Statistical forecasting is a familiar technique where lots of data points are gathered and assessed. An aggregation is formed and the analysis of that aggregated information is used to predict everything from elections to global warming.
This method, as pioneered by W. Edwards Deming, was used as an industrial tool while working to help create a viable manufacturing industry, virtually from scratch, from amidst the burnt out wreckage of post-war Japan. Now, nearly all modern industry uses statistical probability in their manufacturing and engineering processes to great effect as long as precision is not confused with accuracy.
However, statistical approaches that are ideal for maximizing the performance of machines encounter serious issue when it comes to working with humans. That is because even when we are given a highly restricted amount of options from which to choose from it doesn’t follow that the optimal decision gets made. This source for unpredictably by itself not such a big deal with the involvement of the properly trained and competent people working in a team. But even within clearly defined parameters the possibility always exists that, even with good intentions and sound thinking, decisions can get made which could have disastrous consequences.
In any system where human are required to make a decision options and methodologies can vary from person. They can vary because of influences from environmental conditions and also in how the information presents itself.
Technology, through the use of robots, automated systems, and computerization has at every stage of its growing capability been used to take humans out of the industrial process but human involvement can never be eliminated.
Even in the well-resourced and vast global systems; commercial, political, military and environmental, it is the individual doing the unpredictable thing that can invalidate complex, deeply wrought models of statistical forecasting based on petabytes or more of data.
We know humans are unreliable. We all think it is wise to get a second opinion on important medical matters even if we have faith and ability in the training and competence of the doctor that we are dealing with. So, the question becomes, can we account for our unpredictability in predictable ways?
Michal Kosinski, Operations Director at the Cambridge University Psychometrics Centre, thinks it is possible. In an article soon to be published by the Proceedings of the National Academy of Sciences he suggests that minor or incomplete digital information that exists about our individual selves when collated and aggregated with hundreds of thousands of people roughly like us can serve to make accurate predictions about what we will do next.
The testbed used for his theory was Facebook. Using a sample size of 58,000 and measuring just their activity using the Like button alone they were able to make predictions of such accuracy that the information, according to the researchers could be, “Worthwhile for advertisers.”

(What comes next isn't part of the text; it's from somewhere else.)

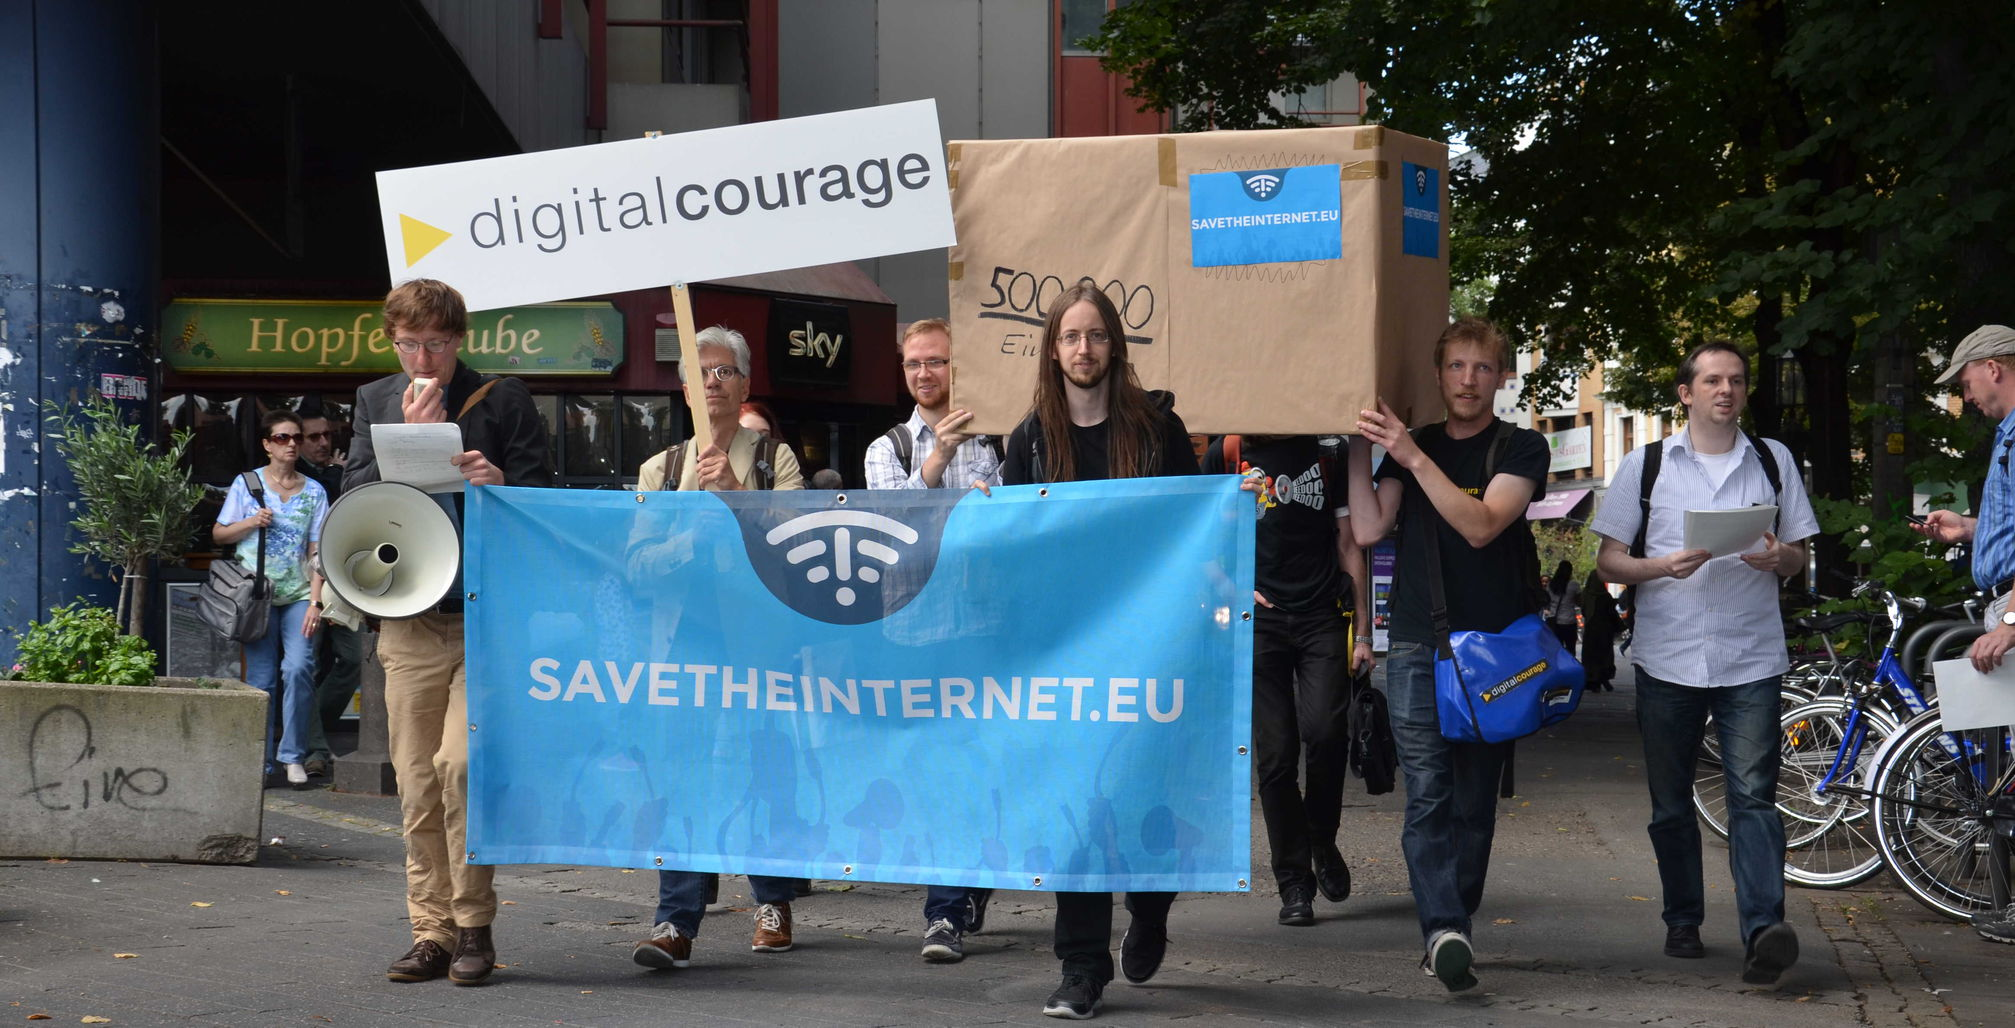 das Banner sagt: www.savetheinternet.eu/de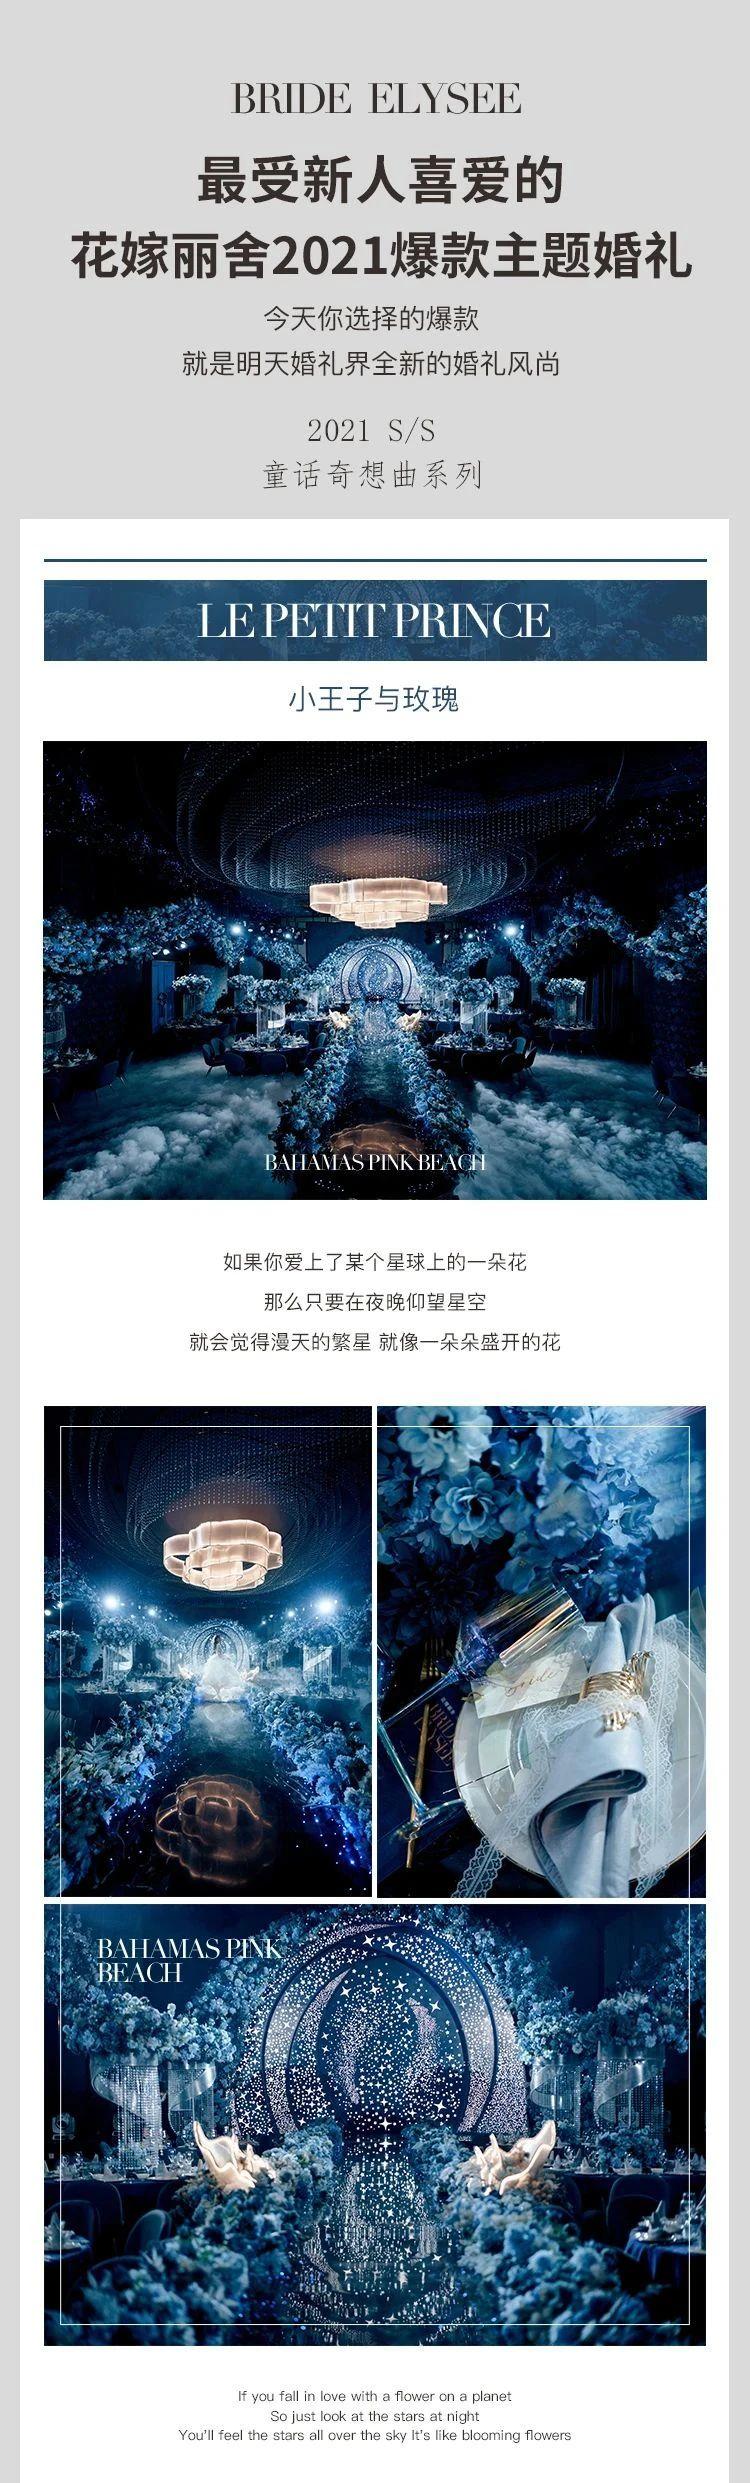 婚礼堂发布:花嫁丽舍X蔡上,打造2021《皇冠上的宝石》  第10张

[NB: When the PNAS article is published Technology Voice will be covering the findings in greater detail.]
But the application of this work goes beyond selling stuff on a social network site. By being able to make predictions in the very area where predictive power is weakest could save us from all sorts of disasters. Apart from natural disasters nearly all catastrophes can be traced to human error of some sort.
The classic failure of statistical forecasting as a predictive tool was seen in the recent financial meltdown. Financial Services was, and still is, a massively data-ized industry. Yet the gazillion bits of intensely analyzed data and the resulting highly thought-through prognostications were rendered illusory when the economy disappeared.

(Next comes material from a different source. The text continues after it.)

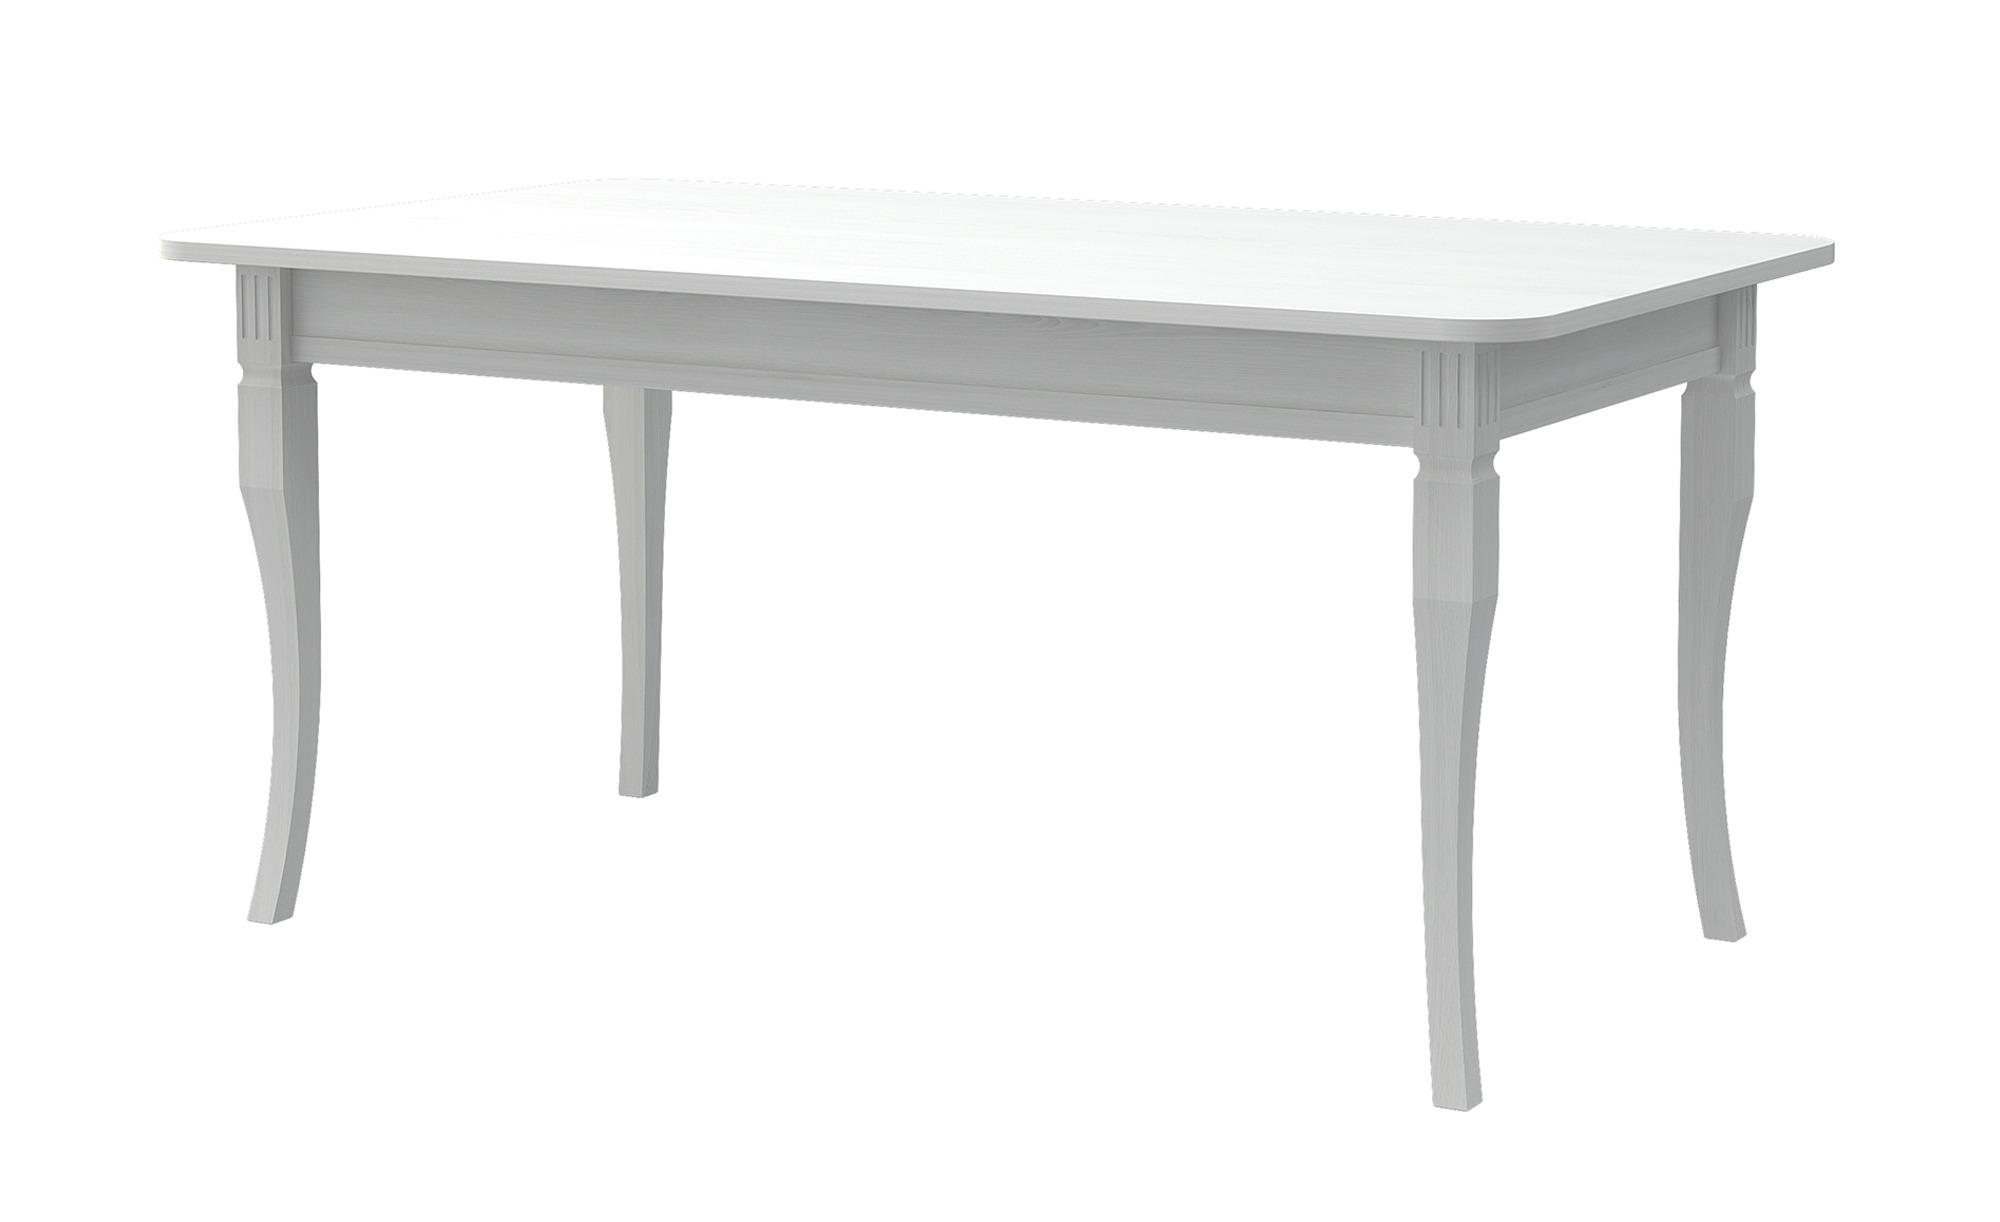 Esstisch  Monteux ¦ weiß ¦ Maße (cm): B: 90 H: 74,8 Tische > Esstische > Esstische ausziehbar - Höffner

The idea of econometrics as a trustworthy and reliable tool for policy-makers evaporated along with it. But this attitude only shows a lack of understanding on what the limits are on what can be gleaned from an approach that is based purely on statistical forecasting. The failure was not in the data but in how people used and interacted with (or ignored) the data.
However, by focusing on people are likely to do rather than what information on its own does we can perhaps model intensely complex systems such as economies in a far more realistic and useful manner.

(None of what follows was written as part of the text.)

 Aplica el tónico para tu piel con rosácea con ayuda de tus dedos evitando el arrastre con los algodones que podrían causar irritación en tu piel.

Approaching the same issue from another angle is the research is taking place in what are called, agent-based models, which in turn have been developed from complexity theory, (the theory that enables companies to move things from A to B around the world but often, and counter-intuitively, not by the shortest route.) It looks very promising and the work being done by projects such as CRISIS – Complexity Research Initiative for Systemic InstabilitieS is beginning to attract wider attention and is receiving major funding.
The idea of developing agent-based models is to predict what human decision-makers in a given system will do. That agent could be a pilot in a plane, a manager tasked with a project or a customer picking up something from the supermarket on the way home from work. All humans in a system – all bringing their own rationales and temperament to the process.
Apart from the obvious benefit to marketers, being able to predict how people or individuals will make decisions in a given situation while working within the confines of a process or a system would help to reduce randomness and increase reliability.
However, it seems we now have the very odd situation where the abstracted you, which has been formulated by the aggregation of data derived in part or in whole by vasts number of people who are somewhat like you, is more likely to behave like you than the real you. Where’s Douglas Adams when you need him?